Она так быстро тараторила, что Васильев долго не мог понять, что же ей нужно. Оказалось, она сестра одной рабочей девушки, приехала к ней, получив письмо, что ее обманул жених.

– Заманил на ГЭС и бросил! Герой социалистического труда!..

Васильев вскинул брови и провел ее в кабинет. «Этого еще не хватало. Герой труда!.. Валеваха, что ли?» Он помог девушке раздеться, усадил, налил воды.

– Кто такой? Вам известно? – сурово спросил Васильев, кладя руку на телефонную трубку.

– Хрустов, – ответила девушка. – Герой Социалистического труда.

Измученный Васильев закрыл ладонями лицо. Он сидел, трясясь от смеха, и ничего не мог с собой поделать.

– Как, как? – спрашивал он. – Хру… Хру…

– Хрустов, – уже улыбаясь, понимая, что, видимо, произошла какал-то нелепица, отвечала Вера Телегина. – Хрустов, забодай его бык. Обещал жениться – женись! Верно? Это потом ты можешь разводиться… верно? Танька тоскует сейчас, пишет – стала заикаться от стыда. У вас много молодых девушек заикается, товарищ Васильев?

Такой наивности и простодушного напора Васильев давно не видел. Девушка была стройная, слегка скуластая, глаза серые, ясные, глубокие, губы – как четыре ягоды-малины. «Как я устал, господи. Ну куда мне тебя сейчас деть?»

– Вы работать приехали? – спросил, наконец, Альберт Алексеевич. Он стер с лицо улыбку и сжал пальцами виски – голова болела всё сильней. – Или только мстить? Могу дать рогатку, отнял у одного ребенка.

– Работать, – насупилась девушка. – Но сначала этого Хрустова найду. А то у меня она, Танька, тихая… любой обидит.

– Лев Николаевич только что, вот сейчас, в воду лазил… с водолазами, – Васильев помедлил и, сняв трубку, набрал телефон штаба, но штаб молчал. Видно, отхаживают парня. – Где же наш герой?

Сияя серыми глазами, девушка вскочила перед начальником.

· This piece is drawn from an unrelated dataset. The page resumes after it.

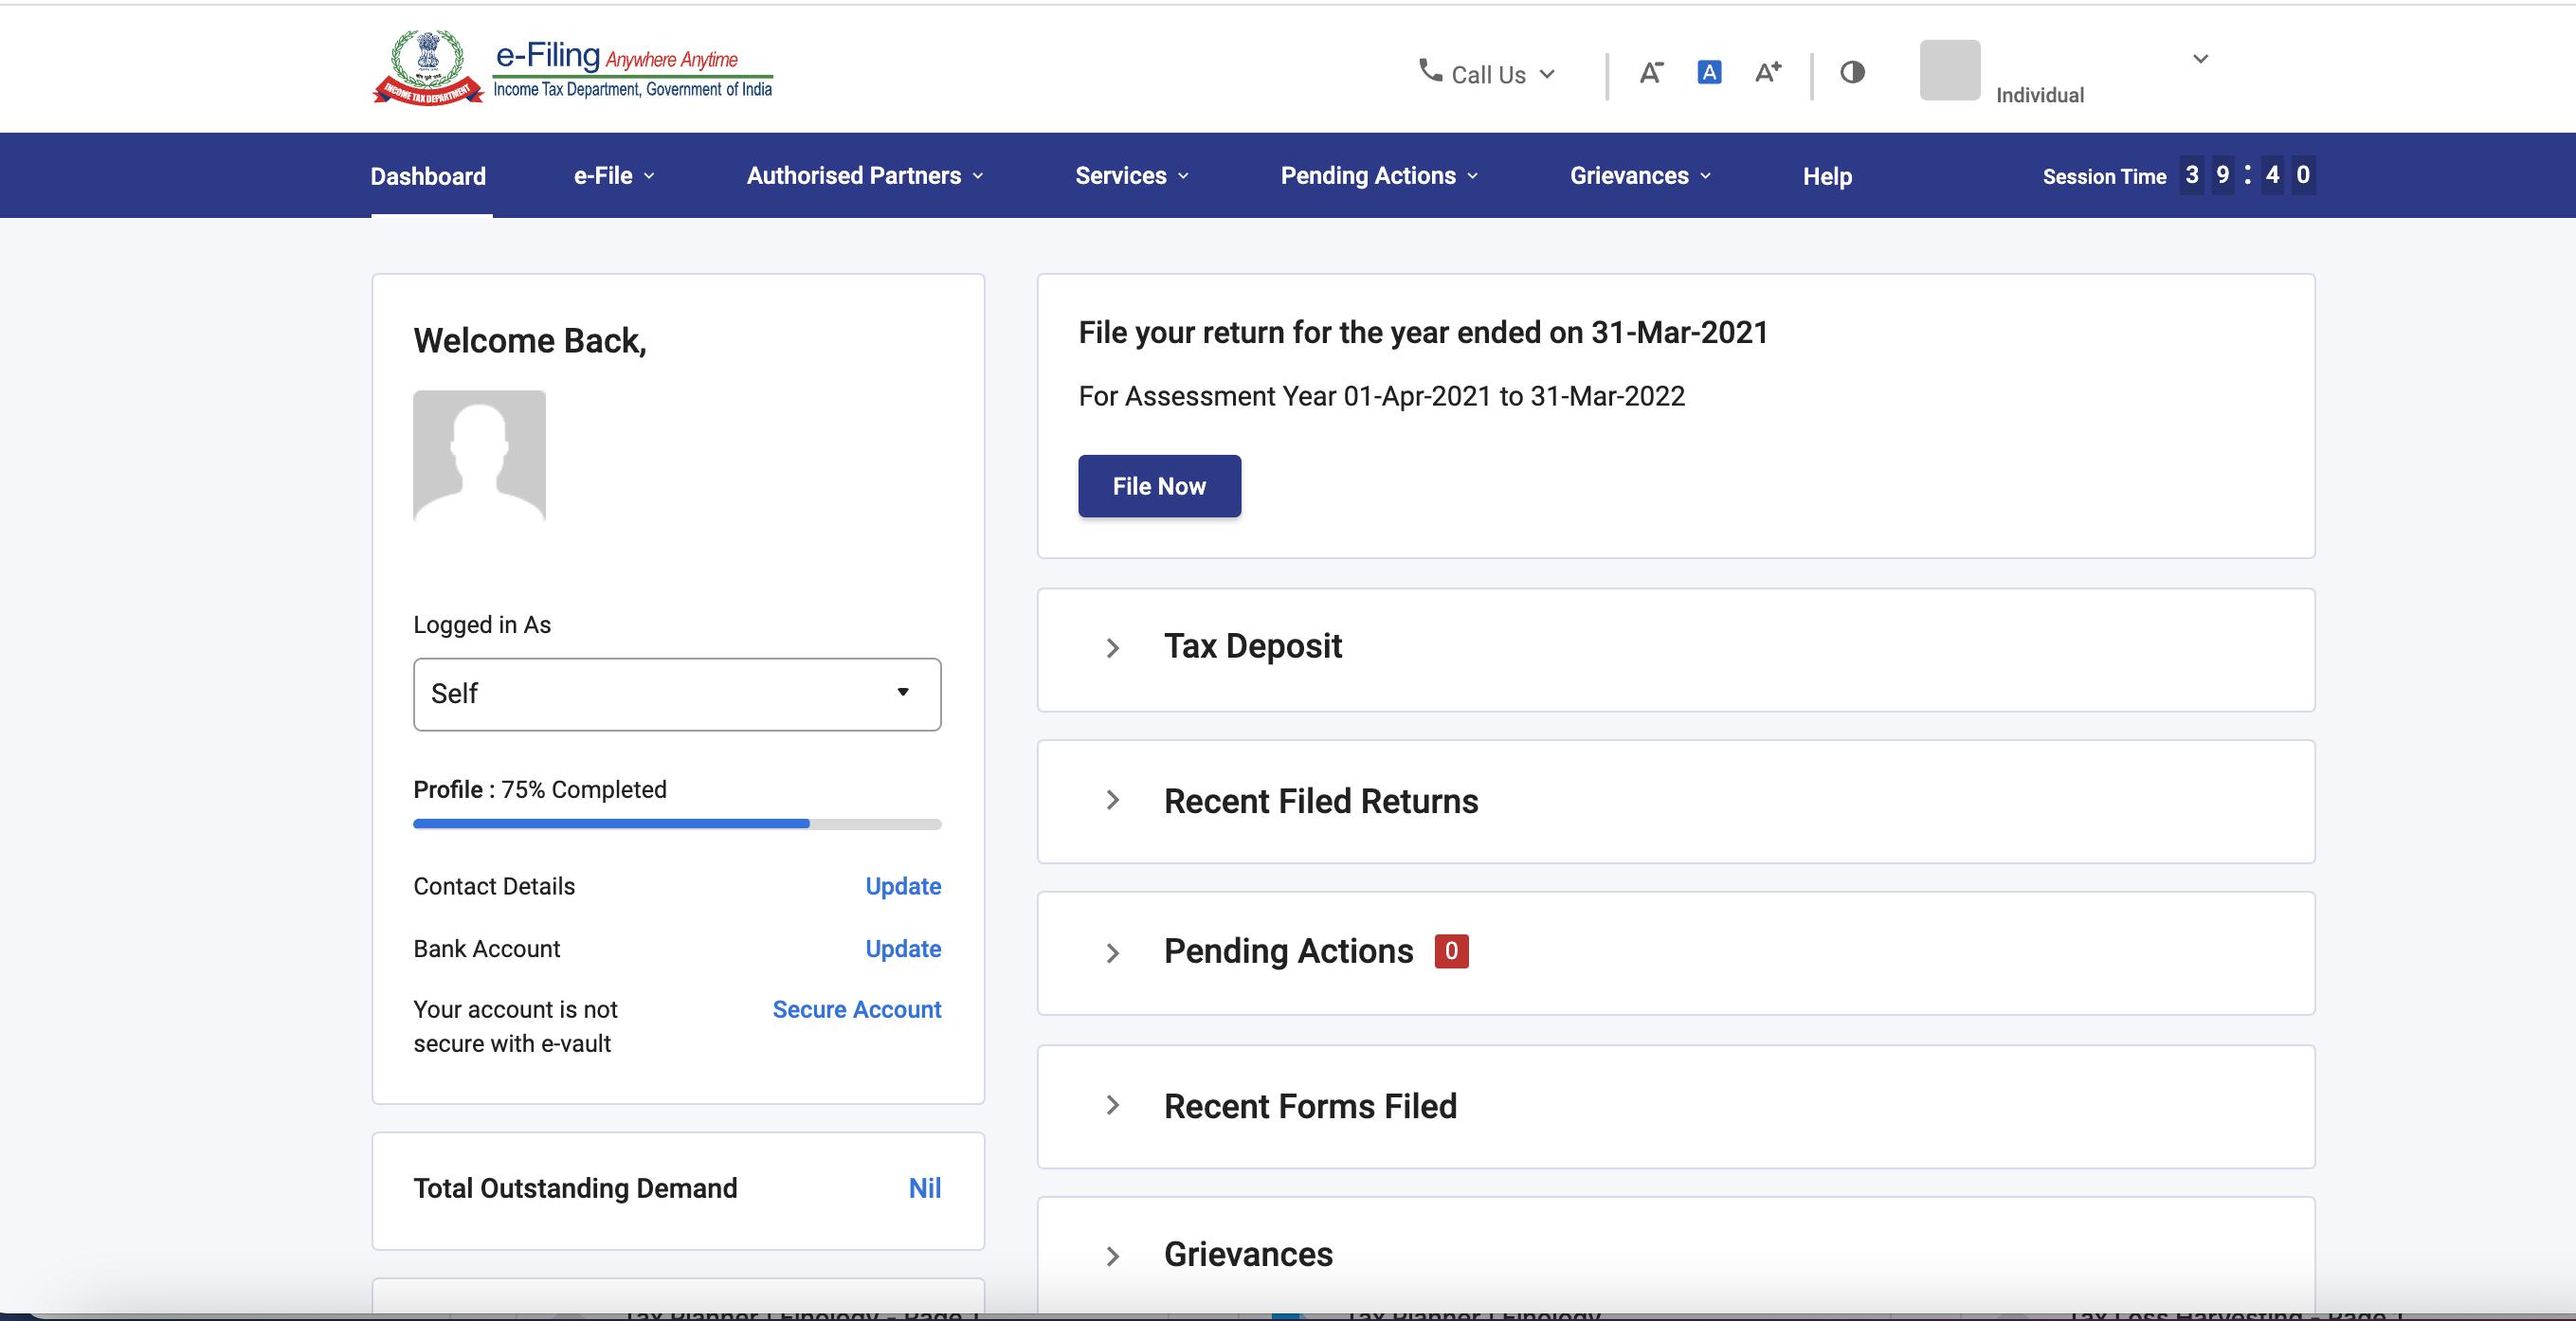 www.incometax.gov.in - Dashboard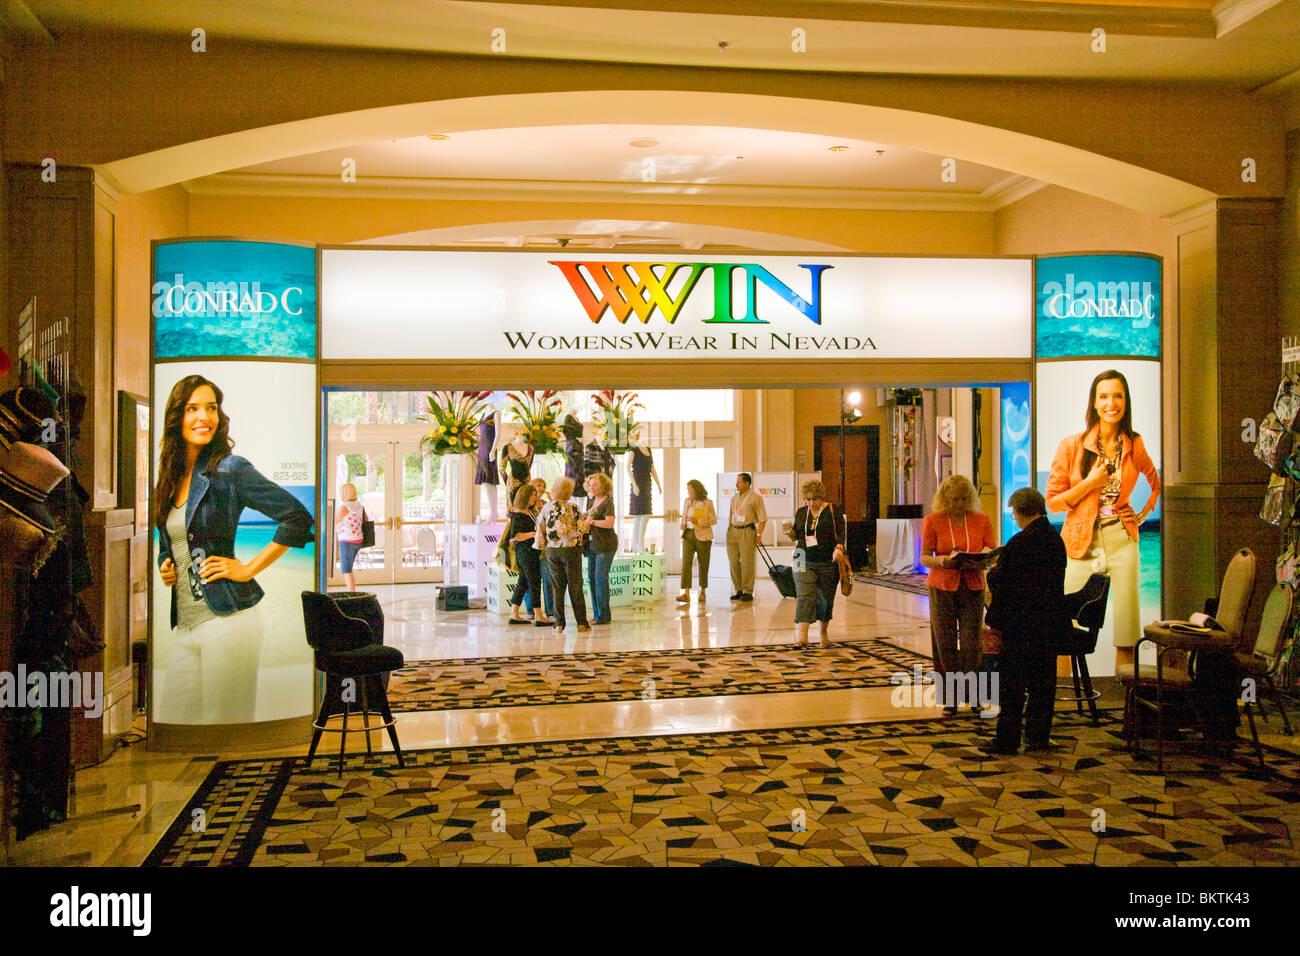 The WOMENS WEAR IN NEVADA or WINN show - LAS VEGAS, NEVADA Stock Photo

– Товарищ Васильев, найдите его! Вы единственный человек, которого я знаю.

«Мне некогда, товарищ, – хотелось ответить Васильеву, но, сам не зная почему, кивнул ей. – Проедусь еще раз на гребенку. Загляну к взрывникам. Надо думать, думать. Протолкнуть что-нибудь с нижнего бьефа в дырки, где нет течения? А ну как двинет. Нет, страшно. Ты и так потерял одного человека».

Они ехали в «Волге», и Вера ахала, гладя по сторонам:

– Медведей тут много? А совсем молодые парни есть? А Хрустов – женатый? Нет? Ну, я ему! А где тут питаются? И все время ветер? А Танька в библиотеке работает? Вы не знаете? Почему? А сколько у вас народу всего? Семь тысяч? И вы всех знаете? Никого не знаете? А вы женаты? А где жена? В Москве? Не хочет сюда ехать? Балда она и все! Извините, я не люблю вокруг да около. А вы почему желтый такой? Вы не казах?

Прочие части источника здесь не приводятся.